I’m learning something unique about that from my new dog. I presume parents can tell me more besides. Love between two people is wonderful and real. But when that love incorporates another- a child, dog, aging parent, some injustice you want to help rectify- something…more…happens. And presuming you don’t lose your individuality in that third party, your love for each other even grows.

Obviously, that’s but a rough sketch of something still new to me, but it reminds me of how church works when church works best. People have asked me, “Shane, what does a church need to do to be a strong, growing church?” Simple- Love. Which seems cliché and easy, but think of it as I just described. No church is attractive if the people don’t love each other, right? Especially an intimate community like ours. But how does a church deepen its intimacy and love for each another? Spend time together…Have fun together…all things we do well! But how about this? Love others. Indeed, every strong church I’ve ever seen- regardless of size, location, ideology- does one thing well: They’ve found others outside of themselves to actively love, and engage in ministry.

And that’s different for every church, right?! For some, it’s families with small children. Others engage older adults in retirement communities.

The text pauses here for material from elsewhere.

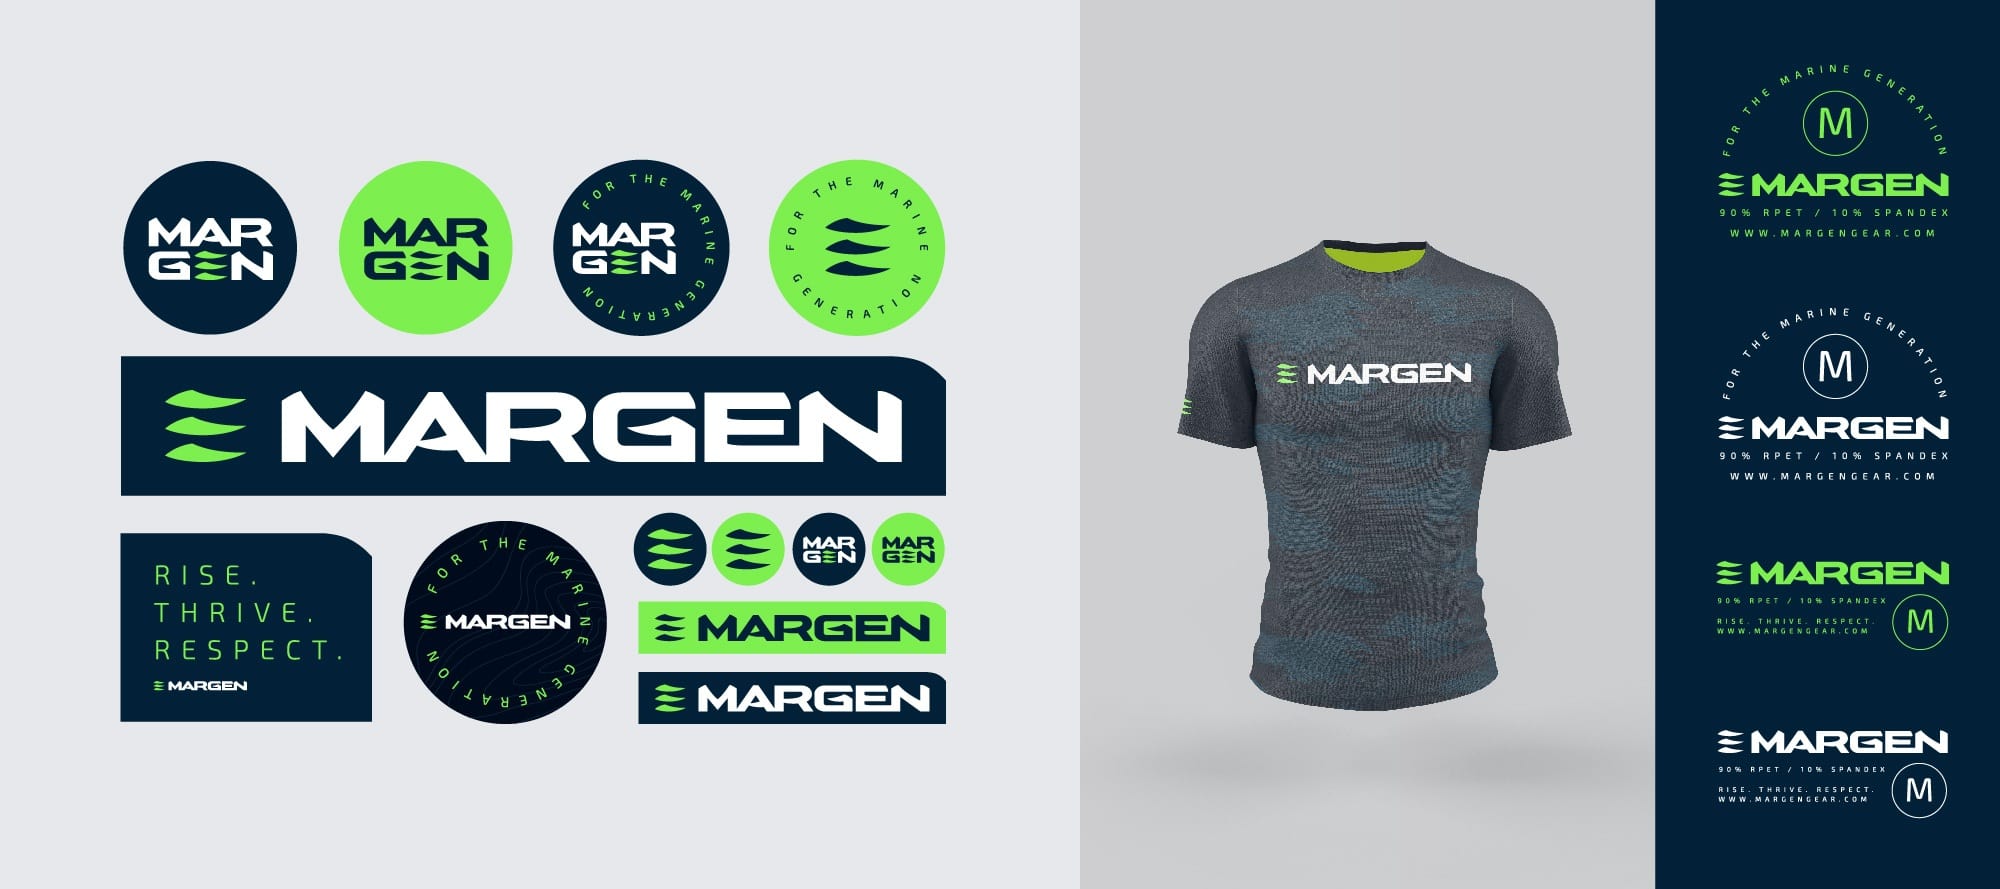 Margen-Garment-Design

Some minister to people wounded by the Church, or homeless veterans, or… The possibilities are endless! But the common factor is this Trinity Factor- Church works best when God, self and neighbor are loved. It’s never just about us.

I’ve said that before, of course. I’ll say it again! But my new dog is bringing it home to my home in a whole new way. And so I’m excited to see how our church, throughout 2010, will find new people to love and engage in ministry. As that continues to happen, I’m betting our intimacy as a community will only increase as well.